Pie is my favorite Vitamin.

DeCarlo Rules

Re: hOW i WISH--
« Reply #1 on: September 22, 2017, 11:38:44 AM »
that IDW & Archie would come out with more Golden Age collection of their newspaper strips.
3 ain't enough.

I was curious about why they didn't just continue from where they left off with the first volume, in the late 1940s. I was amazed at how quickly Montana mastered the difficult balance between an ongoing continuity while still providing the requisite gag-a-day, certainly no easy task.

I enjoyed the later volumes from the so-called "Swingin' Sixties" less than the 1940s one, because by that time, the strip had dropped all pretense at any attempt to carrying on a running plotline. I also think IDW did itself a disservice by subtitling those volumes as they did, as all that tended to do was point out how hopelessly UN-Swingin' that particular comic strip was in comparison to its times. Those volumes were all right, but pale by comparison to the first one from the 40s. Perhaps the title "The Swingin' Sixties" on those two hardcovers set up some expectation in my mind that the strip would feel very contemporary to the trends of its time, which I'm sorry to say couldn't be further from the case. It's a misnomer to begin with, as when the phrase is used, it's generally referring only to the mid-to-late 1960s period (post-Beatles, but pre-Woodstock) in America, and the strips barely get as far as 1964 in the second of the two volumes, and really don't reflect the changes in youth culture -or the culture at large- much at all (certainly less than the comic books do). I do however recommend the color volume of "Archie's Sunday Finest" strips, which while unfortunately more of a "best of" collection than a complete one, and also having no continuity from week to week, is still quite good.
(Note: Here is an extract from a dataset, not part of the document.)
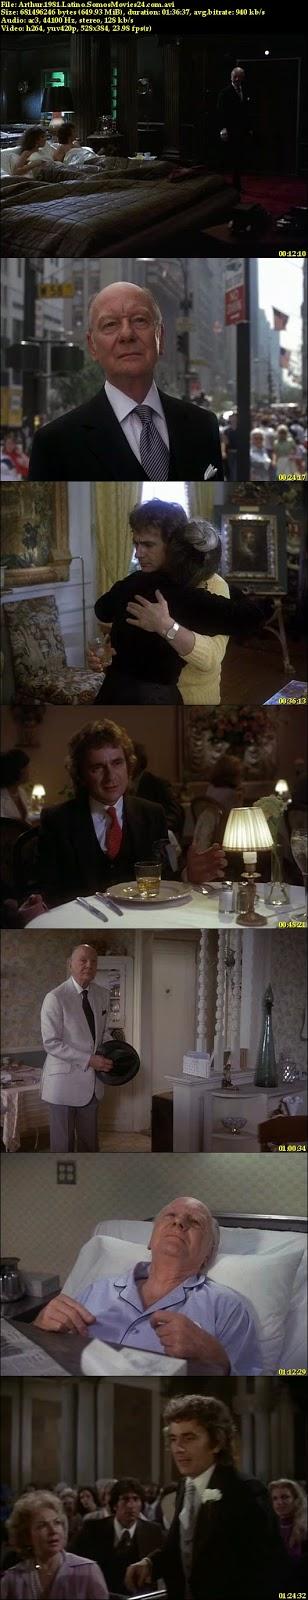 arturo el millonario seductor 1981 latino

The greater irony there was that we can't get a chronological hardcover collection of 1960s Archie comic BOOK stories for love of money.  >:(

Sales might have been low by comparison to other Library of American Comics strip collections, and/or the difficulty and expense of locating all the necessary strips in good enough condition for reproduction, or a combination of those two factors.
« Last Edit: September 22, 2017, 12:48:59 PM by DeCarlo Rules »

ASS-P

Re: hOW i WISH--
« Reply #2 on: September 29, 2017, 01:31:18 PM »
...What you said, regarding ;D  the different " 6Ts "...Myself, I tend to see it as " the 1960s " early on...then " Sixties " (maaaan :D ) once we get to fifty-years-ago this year or so.
  The thing is, I sorta recall, as someone whose parents had our area's local paper wbich carried Archie home-delivered when Montana was alive and (already a comic fan) read it there...I think the strip, at the turn of the Seventies, tended to feature frequently featued jokes from an " older generation " perspective that rather PUT DOWN things associated with " the younger generation "! ;D  As did many newspaper strips then, aimed at the older folks who bought the newspaper (and the feature editors at thd papers who keep the gates), after all...I think that, when Doonesbury (With it originally being about Mike and company being college students who were (mostly) in " the movement ".) came along in 1970 or so it was rather a different thing! (This was maybe more a suggestion of someone else who said this, I don't REALLY remember umpty-ump daily strips that I read back when Richard Nixon was President!!... :o ) I was there so I don't remember the Sixties! :buck2:
..
« Last Edit: September 29, 2017, 01:34:45 PM by ASS-P »

DeCarlo Rules

Re: hOW i WISH--
« Reply #3 on: September 30, 2017, 03:15:44 AM »
...What you said, regarding ;D  the different " 6Ts "...Myself, I tend to see it as " the 1960s " early on...then " Sixties " (maaaan :D ) once we get to fifty-years-ago this year or so.
  The thing is, I sorta recall, as someone whose parents had our area's local paper wbich carried Archie home-delivered when Montana was alive and (already a comic fan) read it there...I think the strip, at the turn of the Seventies, tended to feature frequently featued jokes from an " older generation " perspective that rather PUT DOWN things associated with " the younger generation "! ;D  As did many newspaper strips then, aimed at the older folks who bought the newspaper (and the feature editors at thd papers who keep the gates)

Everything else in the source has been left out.